(INFORMATION SHOWN begins)

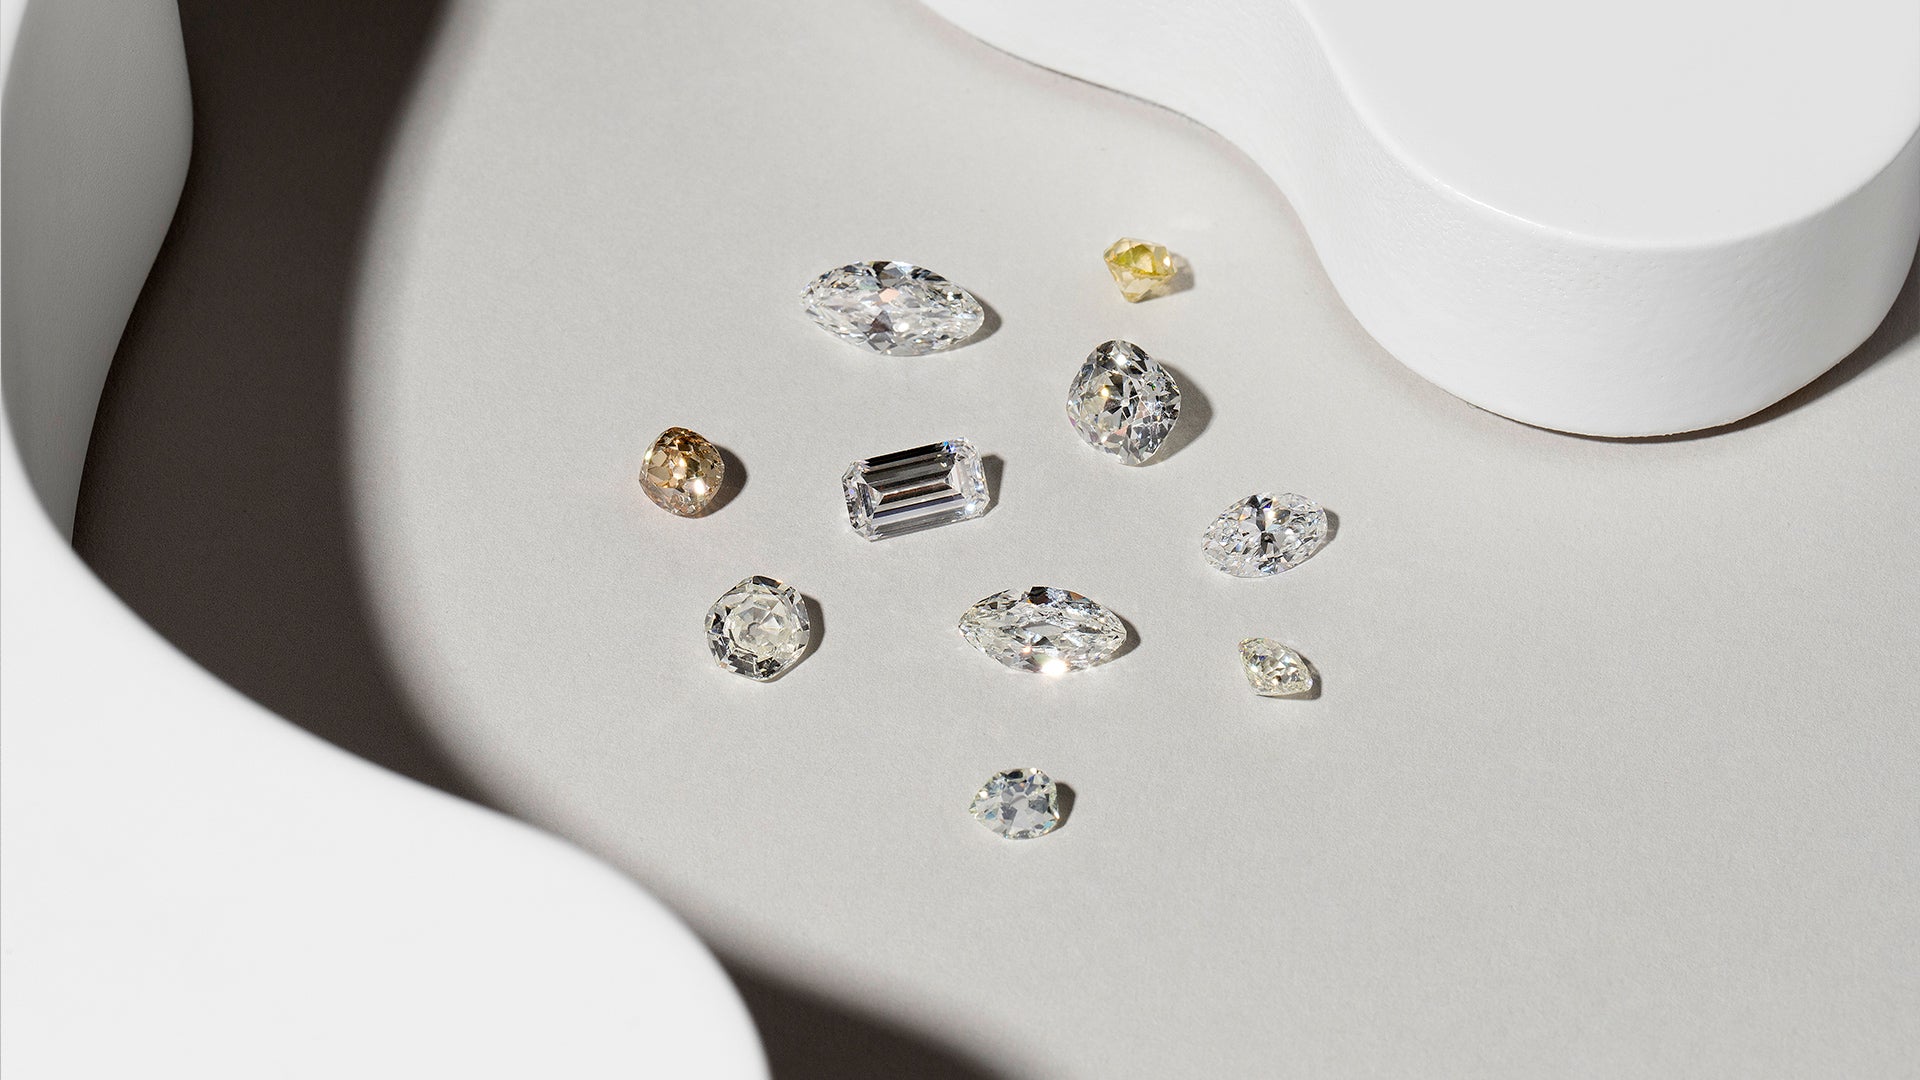 Loose diamonds in a variety of colors and cuts
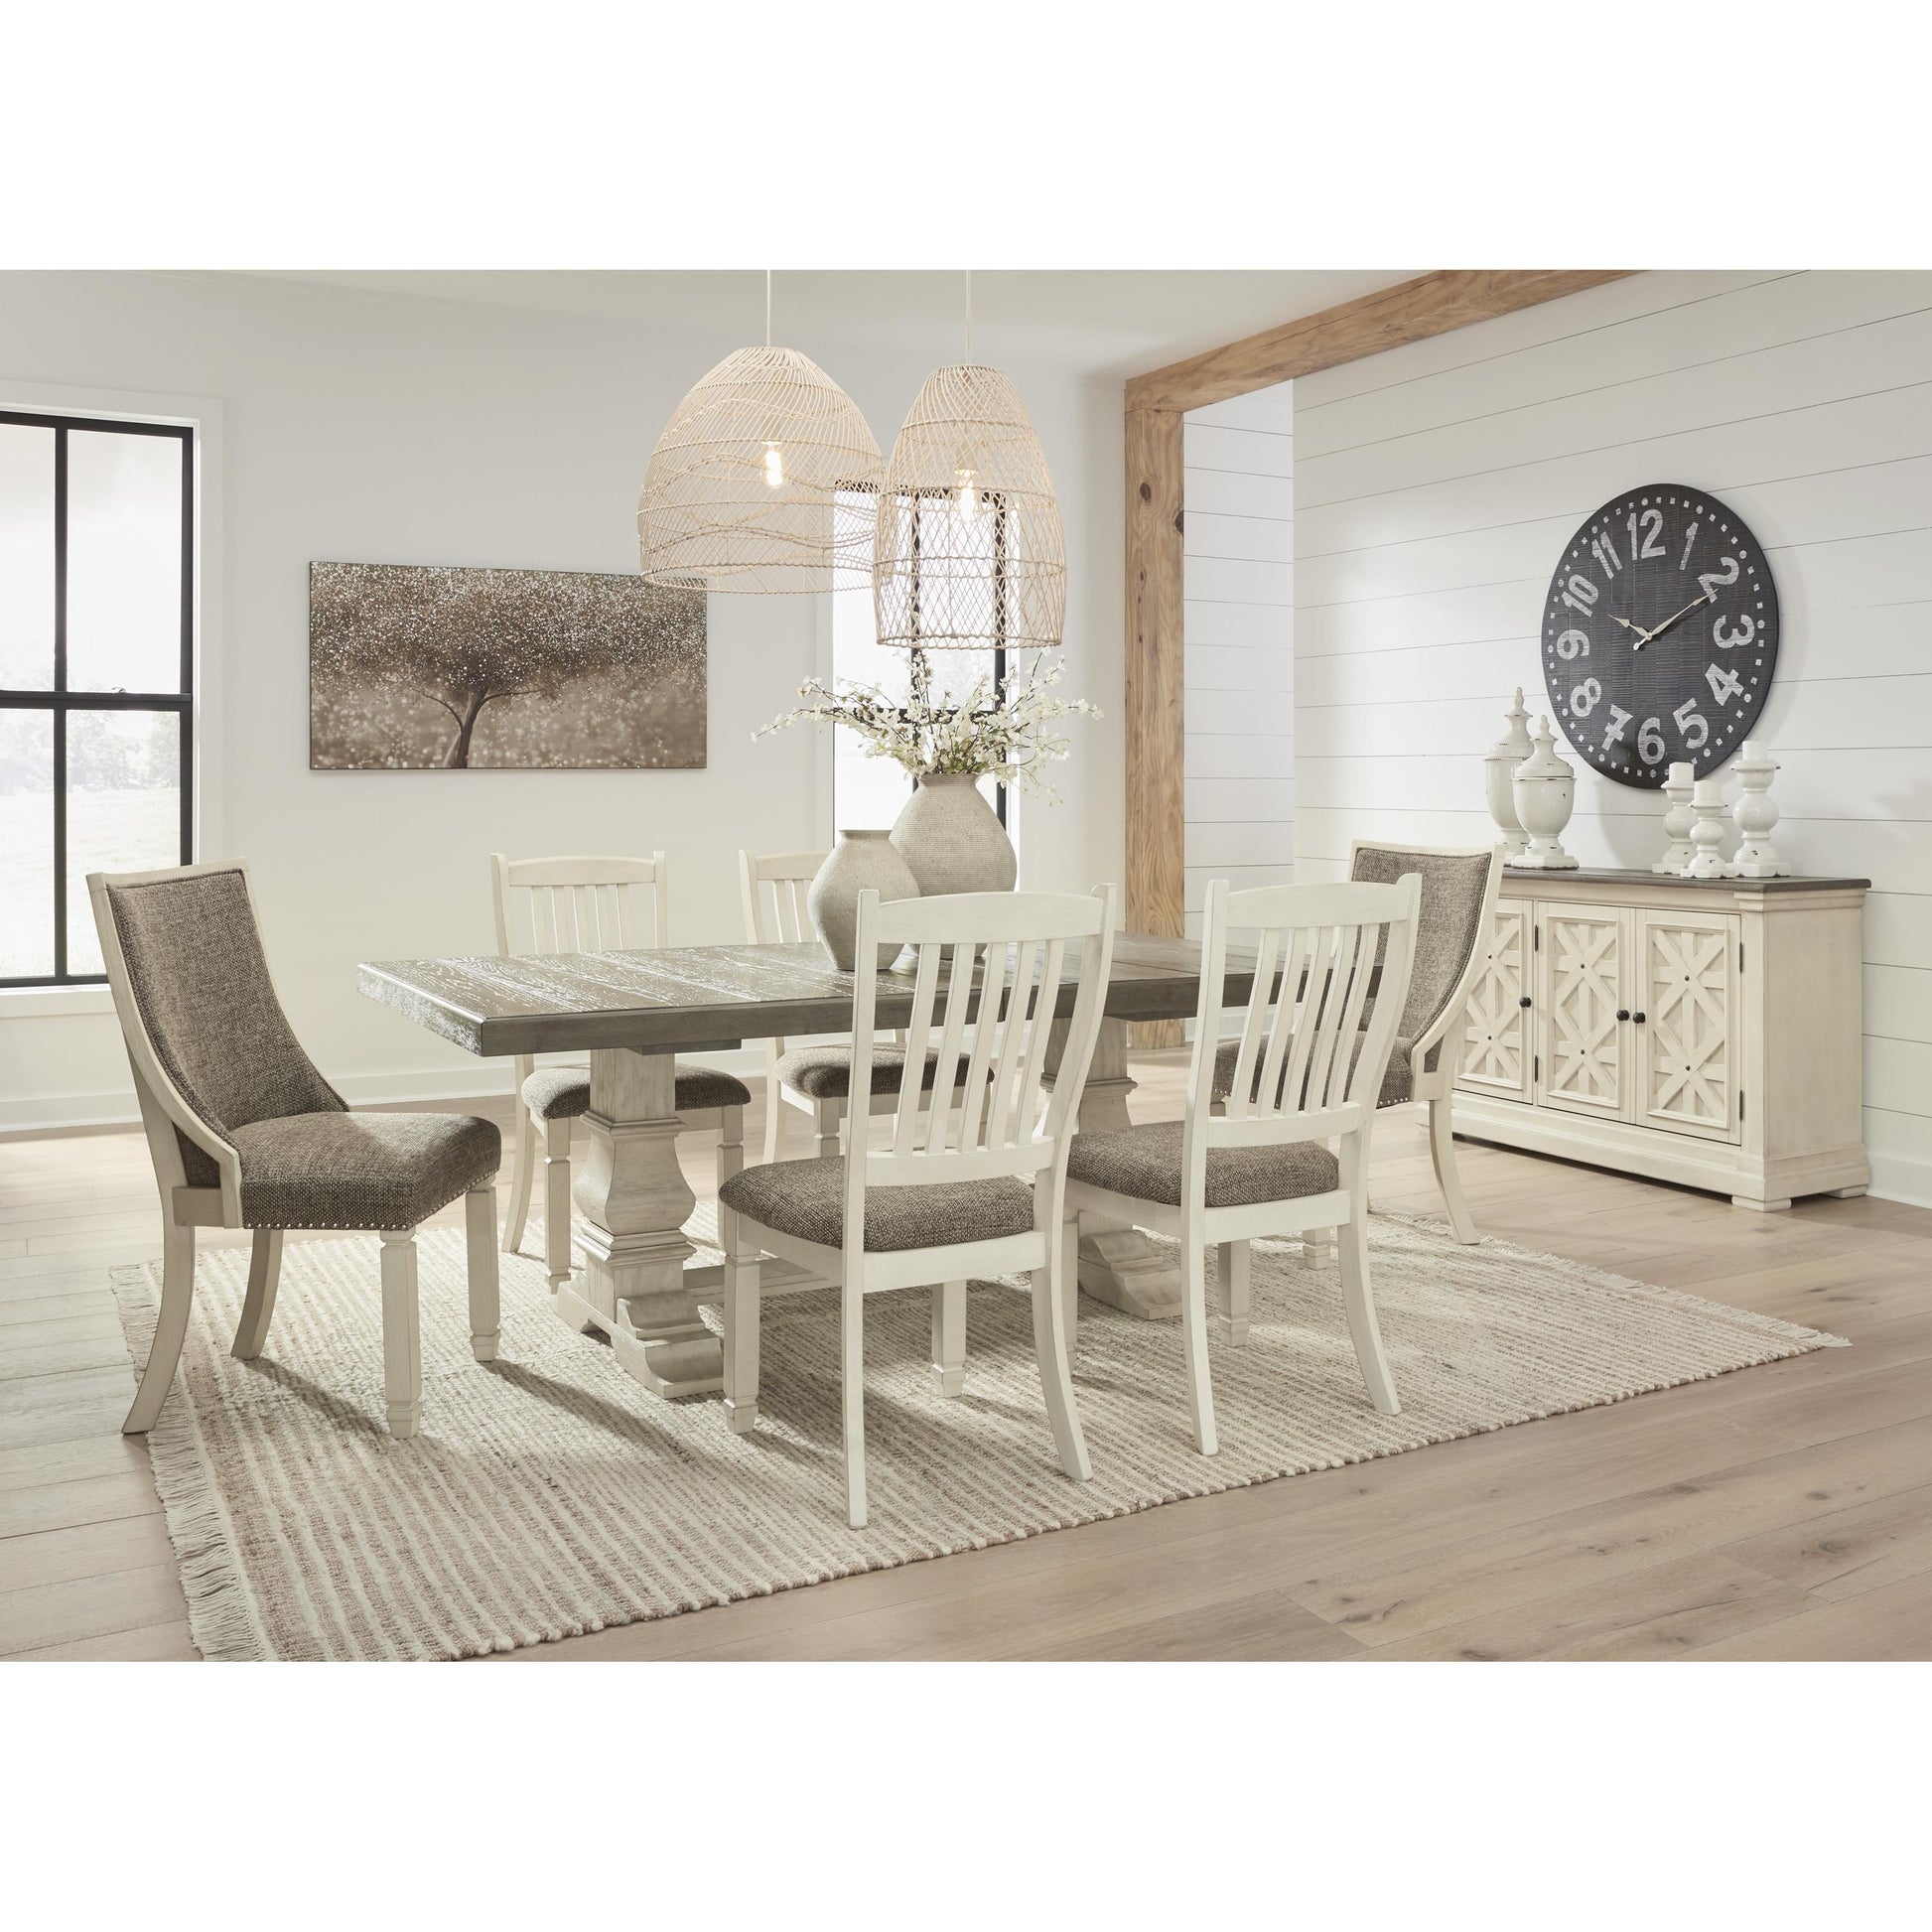 Signature Design by Ashley Bolanburg Dining Table with Trestle Base D647-55T/D647-55B IMAGE 7
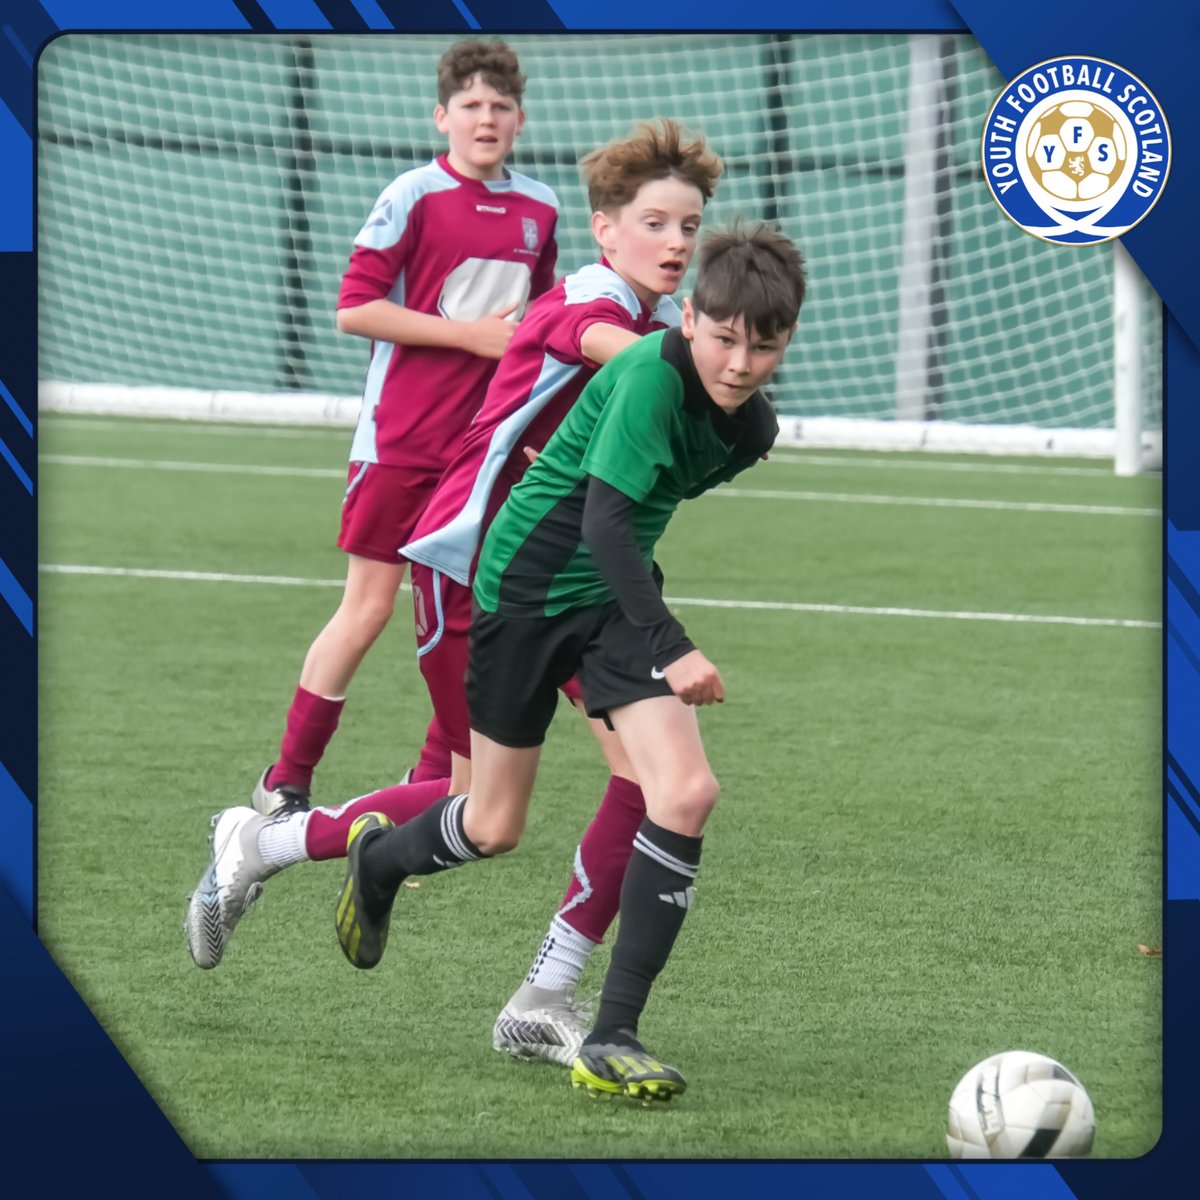 𝗣𝗛𝗢𝗧𝗢 𝗚𝗔𝗟𝗟𝗘𝗥𝗬 📸 Photo gallery, courtesy of 𝗥𝗮𝗰𝗵𝗮𝗲𝗹 𝗕𝘂𝗰𝗵𝗮𝗻𝗮𝗻 from the recent U13 Paisley and District Schools FA Cup Final between @StStephensHS and @snhsfootball. ➡️ View gallery: yfsphotos.co.uk/p947594719
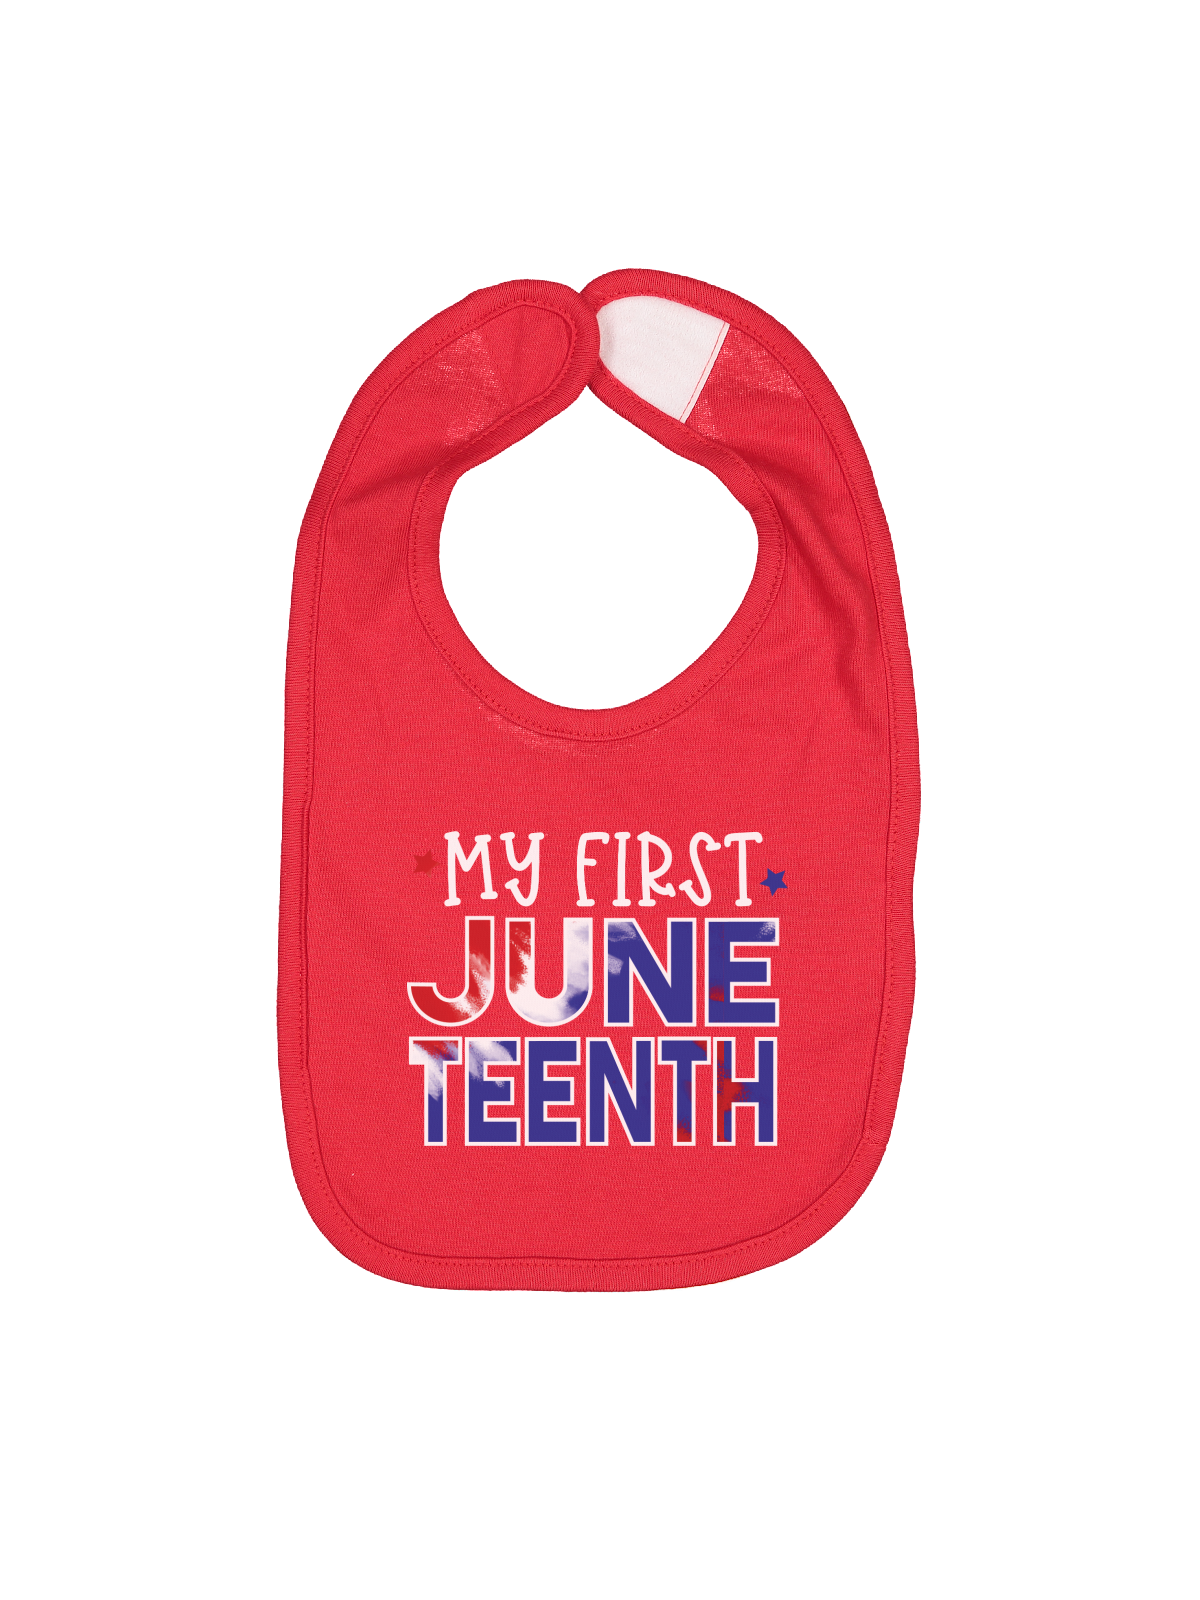 My First Juneteenth Infant Bib in Royal Blue

(INFORMATION SHOWN ends)

WORK INSTRUCTIONS: Every line of the listing is to be retyped exactly; pictures stay out.

ANSWER TO THE PROBLEM:
 Loose diamonds in a variety of colors and cuts
 Signature Design by Ashley Bolanburg Dining Table with Trestle Base D647-55T/D647-55B IMAGE 7
 𝗣𝗛𝗢𝗧𝗢 𝗚𝗔𝗟𝗟𝗘𝗥𝗬 📸 Photo gallery, courtesy of 𝗥𝗮𝗰𝗵𝗮𝗲𝗹 𝗕𝘂𝗰𝗵𝗮𝗻𝗮𝗻 from the recent U13 Paisley and District Schools FA Cup Final between @StStephensHS and @snhsfootball. ➡️ View gallery: yfsphotos.co.uk/p947594719
 My First Juneteenth Infant Bib in Royal Blue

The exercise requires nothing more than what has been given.